I could easily go on, and in light of the pedagogical boost I received, I am very excited to be teaching at a third institute later this month. I'm sure I'll have more to learn.

All this said, I had some surprising pedagogical revelations in a completely different arena this past week. My 2.5 year-old loves the water. I've been taking "Parent and Tot" swimming classes with her since she was an infant. The most recent class (of five consecutive days of 30 minutes a day) ended a few days ago. The teacher did NOT impress me at first. During the first class, she exhibited an off-putting brusqueness I had not observed among my daughter's previous swimming teachers. Also, she kept looking away from us (the parents and tots), and toward the pool office, or some far-off location. It was weird and unnerving. Also, when first introducing herself to my child, she asked what her name was. My daughter, being 2.5, doesn't always answer in a full and articulate voice when interrogated by a stranger. She mumbled her name, keeping her hand in her mouth. In an echo-y pool environment, the teacher heard nothing and retorted: "You have a name, don't you?!" I was pretty taken aback. I did, though, keep my cool, and made an effort to reserve judgement. My daughter was pretty clingy (not a word I like...) during the whole class, and asked for her previous teacher, several times. This was just the first class, maybe things would improve.
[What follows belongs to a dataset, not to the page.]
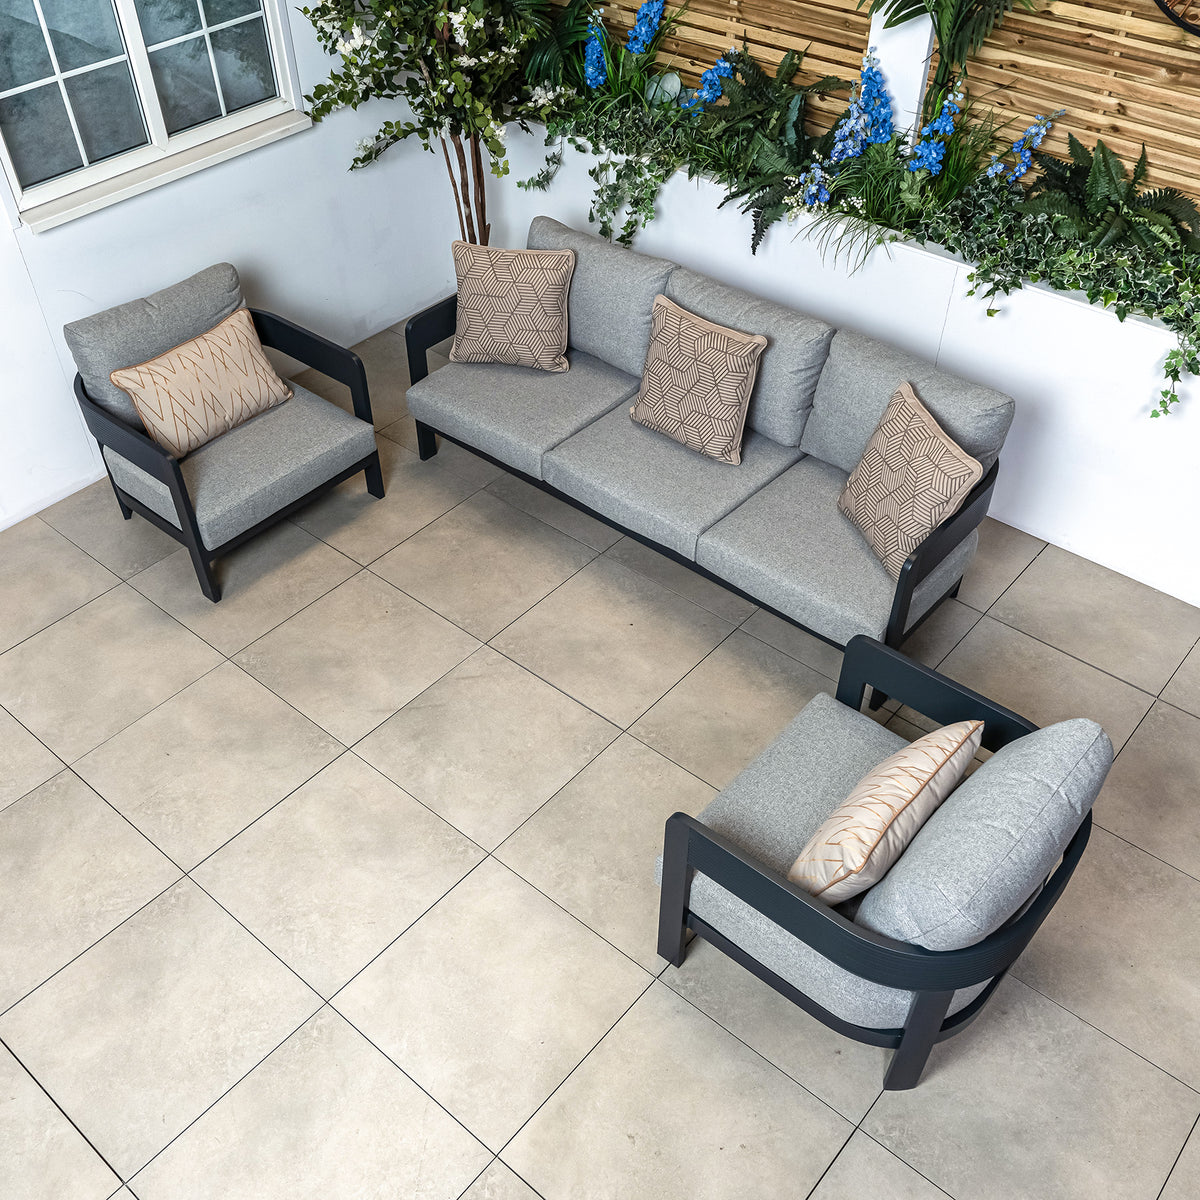 Bracken Outdoors Nevada Anthracite Ripple Aluminium Lounge Garden Furniture Sofa Set

During the course of the week, I did notice encouraging changes in both my daughter AND the teacher. The teacher seemed to relax a great deal. She also told us, that without her glasses, she had trouble reading the clock on the pool's wall, and therefore had trouble telling what time the class should end. (That could explain her shifty gaze on the first day.) What I noticed most, however, is how subtly my daughter adapted to her quick style of teaching. She (my daughter) displayed a HUGE leap in independence in this class, compared to the last class she took earlier in July. I realized that this teacher had some pretty strong priorities in what she wanted the children to be able to do. She clearly WANTED the tots to progress and evolve over the course of the week. While my daughter's previous teachers have been sweet, kind and ever-smiling, they haven't really pushed my daughter very much. Now, I realize the goals of these classes are to give the child ease and enjoyment in the water, so concrete, achievement-type goals are not really de rigueur, but I found it refreshing to have a teacher who had clear objectives for the children. And, in the end, those objectives would lead to them enjoying the water more, and learning to swim and be safe in the water. As a result, my daughter grew very fond of this teacher, talked about her at home, and though she found some of the tasks difficult, and a little out of her comfort zone, she made true efforts to accomplish them. Among these, was putting her face in the water -- which she did manage to do by the end of the week, if only for a few short seconds. She also improved dramatically in her back-floats, bubble-blowing and going underwater. I was thoroughly impressed with such dramatic progress in such a short time-span.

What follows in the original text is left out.